Despite a pandemic in February, work in the energy and technology sectors is improving.
Since February – when it hit 597,067 jobs in the sector – the energy and technology sector has increased another 42,200 jobs by August. Texas has a large number of these jobs. At the same time, the Organization of Petroleum Exporting Countries (OPEC) In 2022, it predicted that oil demand would be higher than pre-epidemic levels.
Tim Tarpley, senior vice president and adviser on government affairs at the Energy Human Resources and Technology Council, said the main reason for the increase is the number of jobs.
“There is a lot of recruitment going on,” he said. In fact, there is competition for employees in our companies.
Although employment rates are rising, Tarpley says there is still a shortage of workers in the industry, and some companies are hiring workers from distant states such as Dakota, Pennsylvania, and Ohio.

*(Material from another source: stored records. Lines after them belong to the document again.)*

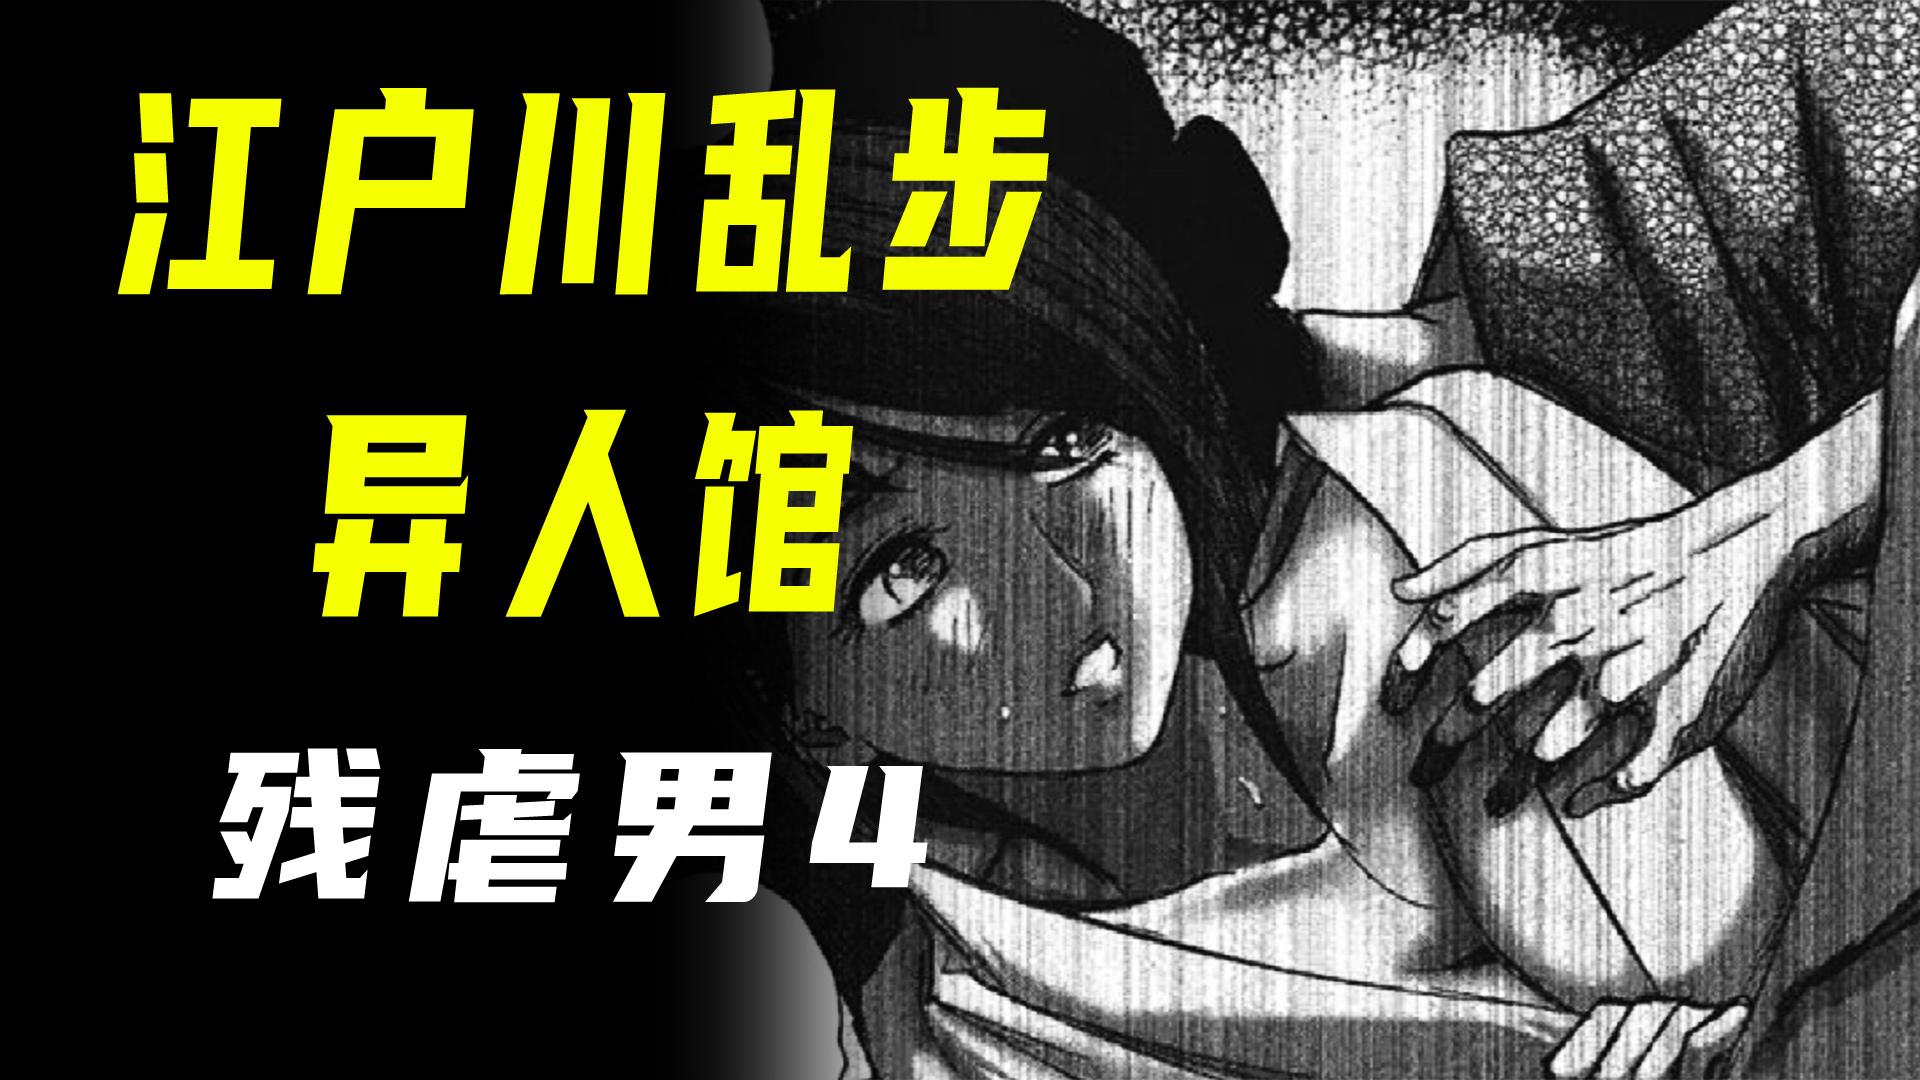 【江户川乱步异人馆·残虐男4】那一夜~关灯后,都没看清他的脸…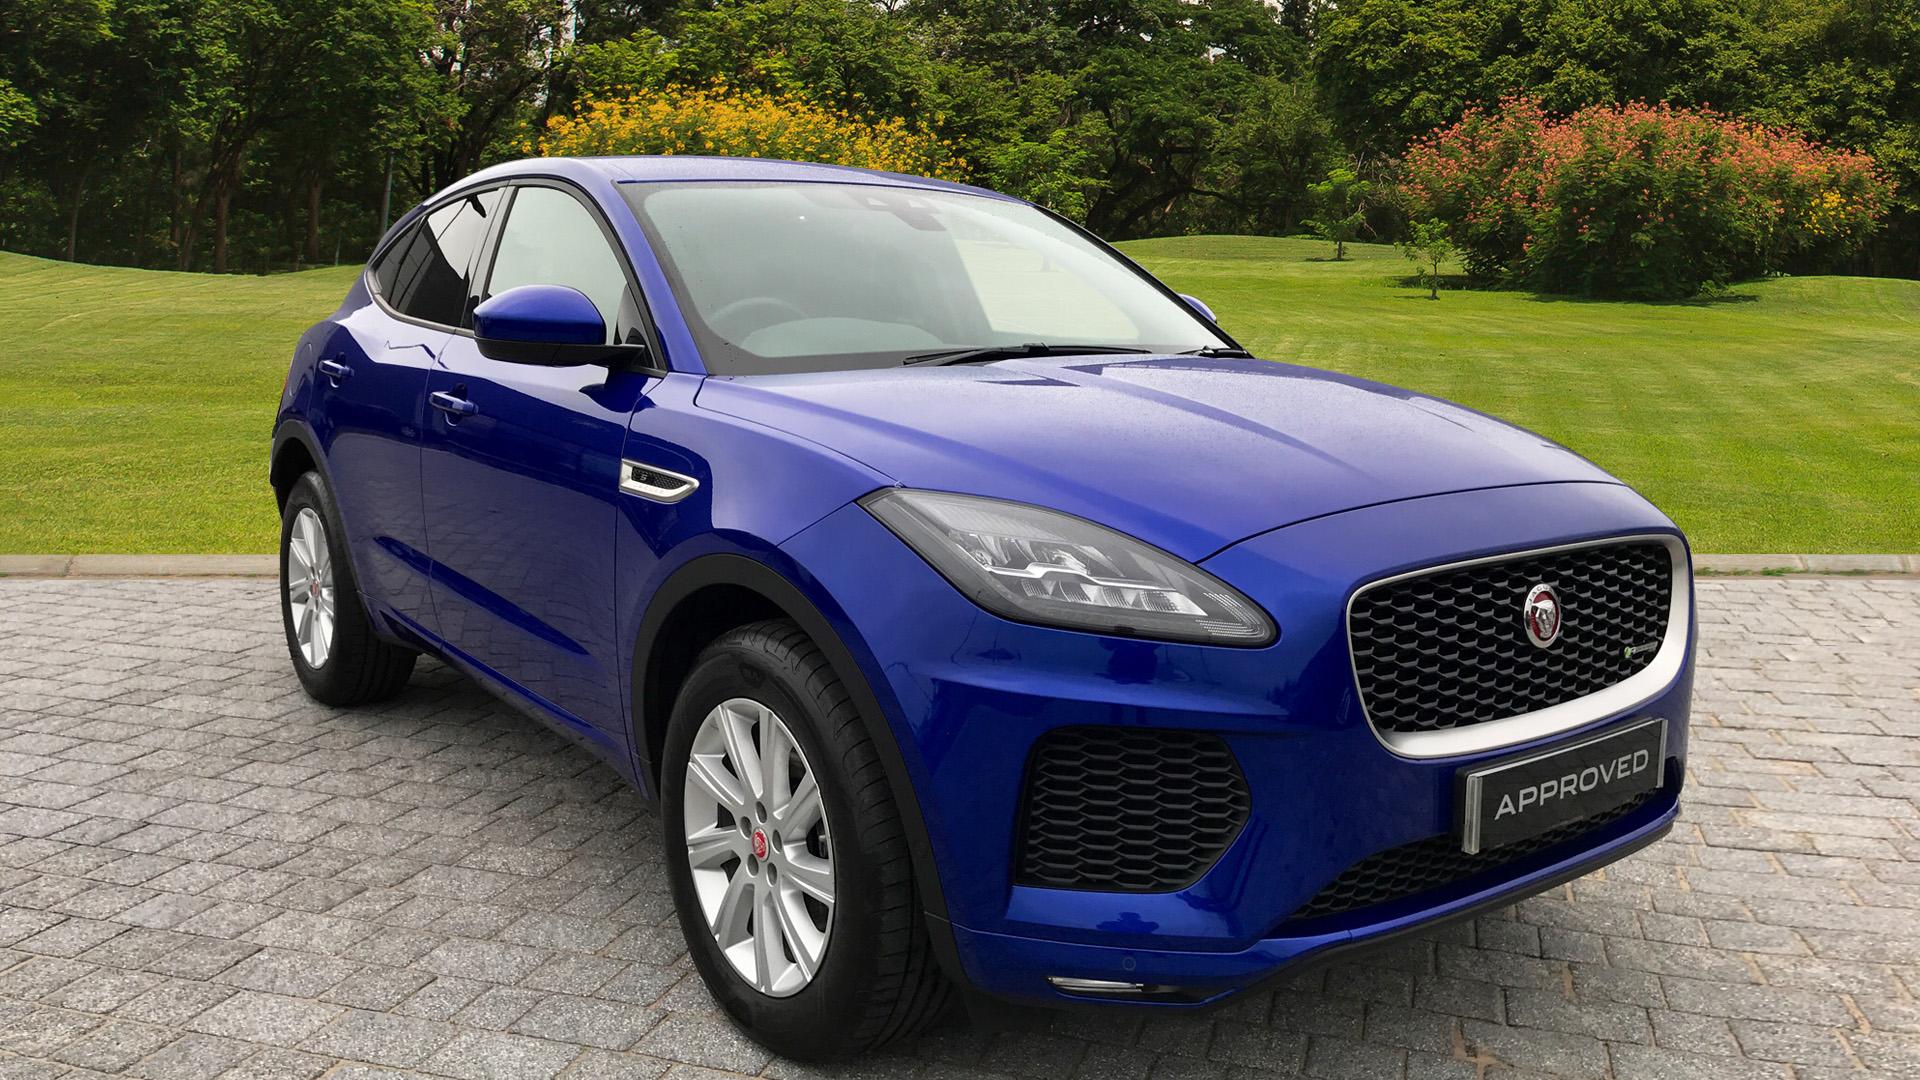 Used Jaguar E Pace 2 0D [180] R Dynamic S 5Dr Auto Diesel Estate for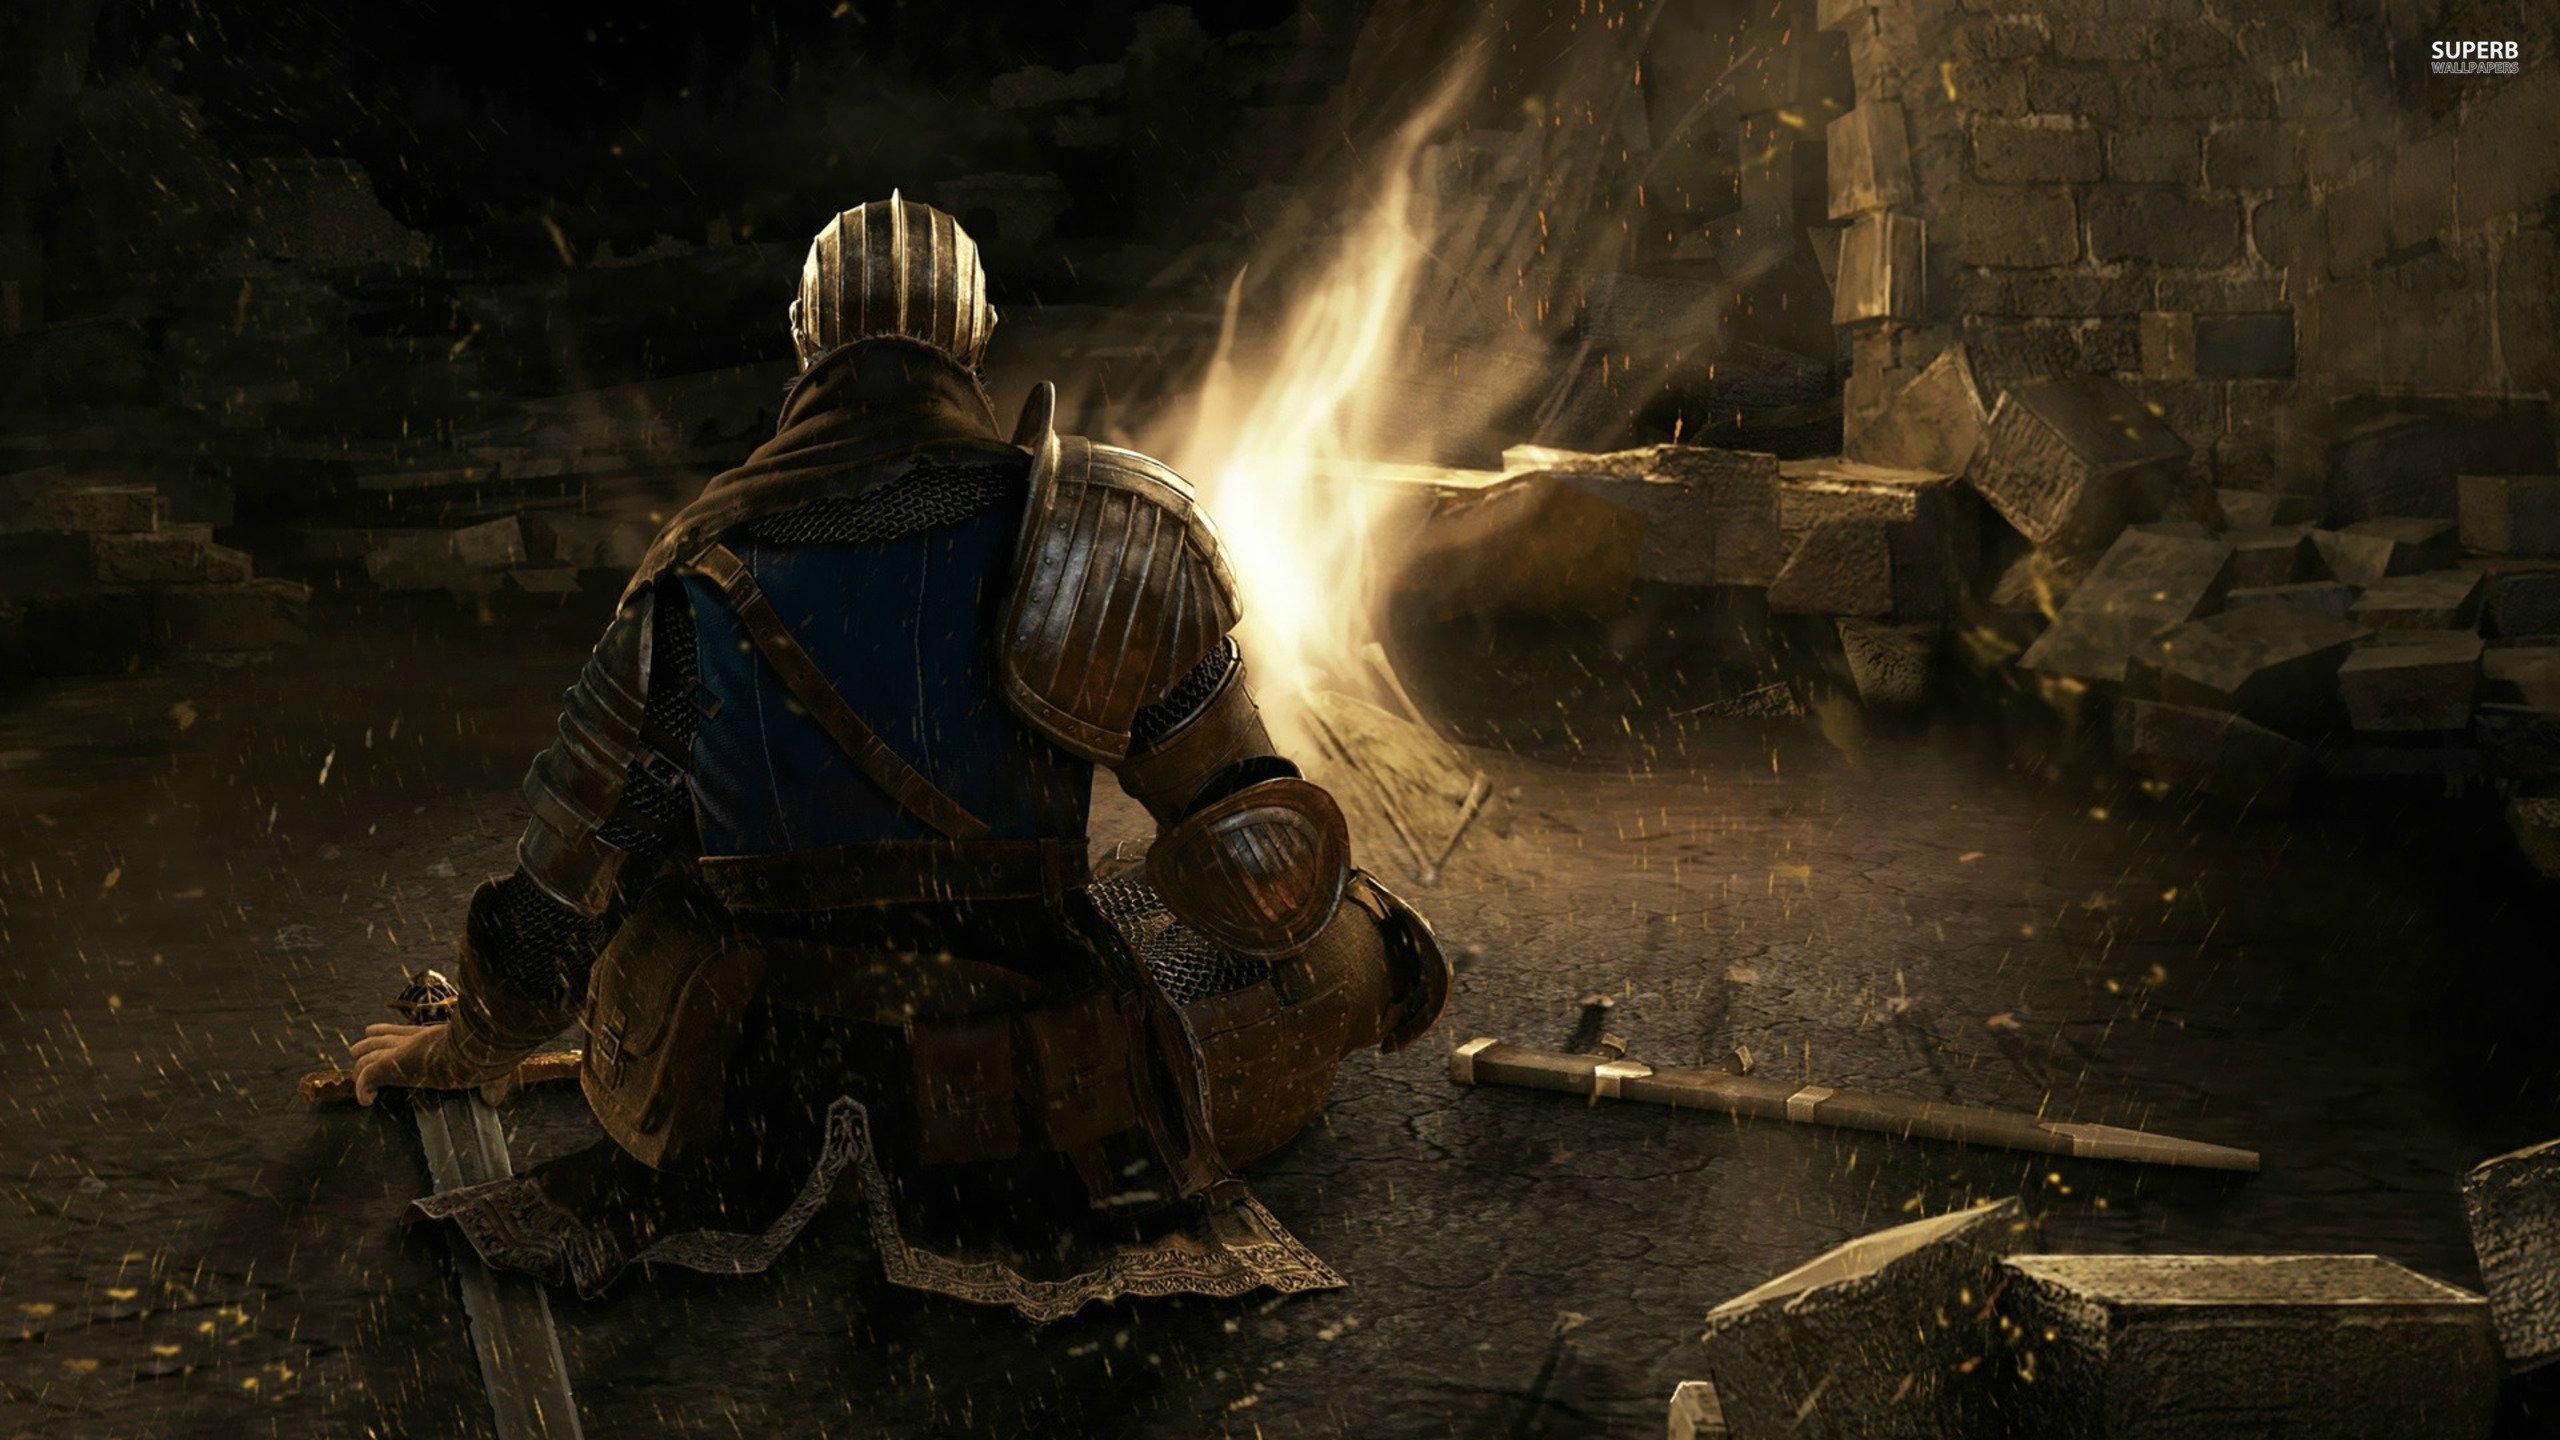 Dark Souls Wallpapers 2560x1440 Desktop Backgrounds

According to the Bureau of Labor Statistics (BLS), Texas has 314,000 employees and is the leading employer in the energy and technology sectors. The nearby state of Louisiana employs only 53,800 workers.
Competition with other industries outside the energy and technology sectors is helping to reduce unemployment, Tarpley said.
“Not everyone has returned,” he said. “Some are finding other jobs. There are other areas where wages are increased for other jobs, such as transportation, so there is competition outside the industry.
Employment standards are still lagging behind pre-epidemic levels, and oil production has particularly affected the low performance of oil field equipment and service companies, Tarpli said.
“Our companies are being cautious when they enter the market,” he said. “They don’t want to overdo the market, they respond to people carefully, wisely and a little bit.”
Due to an executive order from President Joe Biden, companies are wary of COVID-19 developments and control distrust, Tarpli said.
An executive order signed in January barred new oil and gas rents on federal land, but a federal judge ruled in June that they should not suspend them.
“Companies are a little hesitant to go out and hire a lot of people, and then they don’t know why they have to get a new lease,” he said. “It is our hope that the administration will begin to recover.”
According to OPEC’s monthly report, COVID-19 It is clouding global oil demand forecasts by 2021, but demand is expected to increase beyond the pre-COVID-19 levels by 2022.
In OPEC advertising, the main question is who will be motivated to meet the demand.
“Will it be the United States or will OPEC and Russia meet that demand?” he said.
With the growing demand in the United States, we have already seen an increase in Russian oil imports, Tarpli said.
Tarpli said the United States needs to be able to meet the 2022 demand for oil not only for economic reasons but also for environmental reasons.
He said oil and gas produced in the United States are cleaner and more efficient than anywhere else. If we make decisions that will allow our competitors to fill that void, it will probably be filled with clean and efficient oil and gas.